PostCacheChain "PostCache"

<Chain "PostCache">
  <Rule "processes">
    <Match "regex">
      Plugin "^processes$"
      Type "^(ps_cputime|disk_octets|ps_rss|ps_vm)$"
    </Match>
    <Target "jump">
      Chain "MaybeThrottleProcesses"
    </Target>
    Target "stop"
  </Rule>

  <Rule "otherwise">
    <Match "throttle_metadata_keys">
      OKToThrottle false
      HighWaterMark 5700000000  # 950M * 6
      LowWaterMark 4800000000  # 800M * 6
    </Match>
    <Target "write">
       Plugin "write_gcm"
    </Target>
  </Rule>
</Chain>

Delete the MaybeThrottleProcesses chain used by the PostCache chain:

<Chain "MaybeThrottleProcesses">
  <Rule "default">
    <Match "throttle_metadata_keys">
      OKToThrottle true
      TrackedMetadata "processes:pid"
      TrackedMetadata "processes:command"
      TrackedMetadata "processes:command_line"
      TrackedMetadata "processes:owner"
    </Match>
    <Target "write">
       Plugin "write_gcm"
    </Target>
  </Rule>
</Chain>

Benefits and risks

Benefits
- You reduce the resources consumed by the agent, because the metrics are never collected.
- If you have made other changes to your collectd.conf file, you might be able to easily preserve those changes.
Risks
- You must use the root account to edit this configuration file.
- You risk introducing typographical errors into the file.

Replace the agent's configuration file

With this option, you replace the agent's main configuration file with a pre-edited version that has the relevant sections removed for you.

Procedure

Download the pre-edited file, collectd-no-process-metrics.conf, from the GitHub repository to the /tmp directory, and then do the following:
```
cd /tmp && curl -sSO https://raw.githubusercontent.com/Stackdriver/agent-packaging/master/collectd-no-process-metrics.conf
```

Replace the existing collectd.conf file with the pre-edited file:

cp /tmp/collectd-no-process-metrics.conf /etc/stackdriver/collectd.conf

Benefits and risks

Benefits
- You reduce resources consumed by the agent because the metrics are never collected.
- You don't have to manually edit the file as root.
- Configuration-management tools can easily replace a file.
Risks
- If you have made other changes to the collectd.conf file, you have to merge those changes into the replacement file.

Troubleshooting

The procedures described in this document are changes to the configuration of the agent, so the following problems are most likely:

Insufficient privilege to edit the configuration files. Configuration files must be edited from the root account.
Introduction of typographical errors into the configuration file, if you edit it directly.
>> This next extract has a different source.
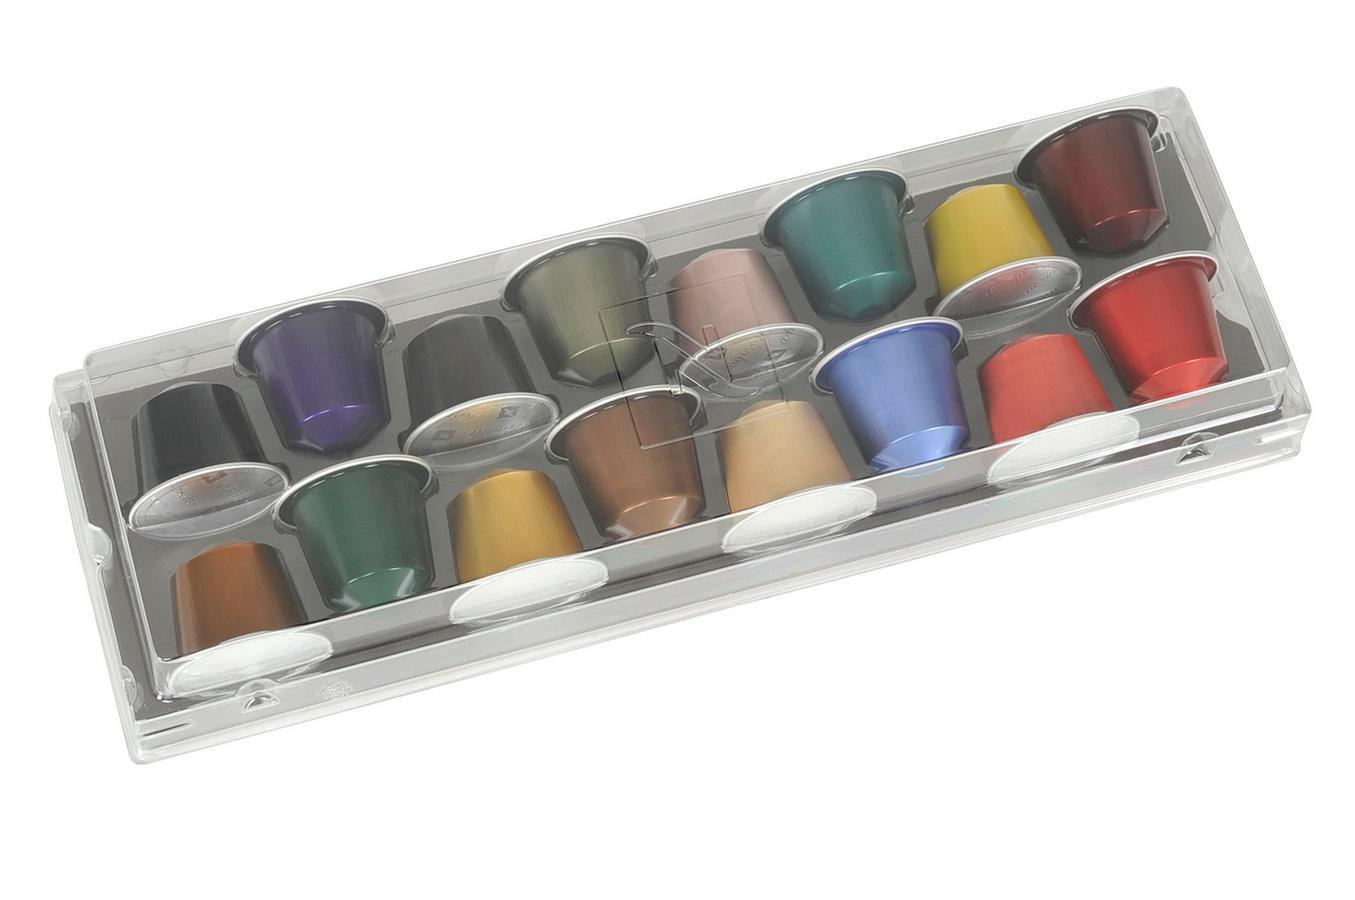 Coffret Grands crus de 16 Capsules offerts  pour toute commande minimum de 10 étuis (100 capsules)

For information on resolving other problems, see Troubleshooting the Monitoring agent.

Monitoring agent on Windows

You can't disable the collection of process metrics by the legacy Monitoring agent running on Windows VMs. This agent is not configurable. If you want to disable collection of these metrics on Windows, we recommend that you upgrade to the Ops Agent version 2.0.0 or higher. For more information, see Installing the Ops Agent.

If you are running the Ops Agent, see Ops Agent on Linux or Windows.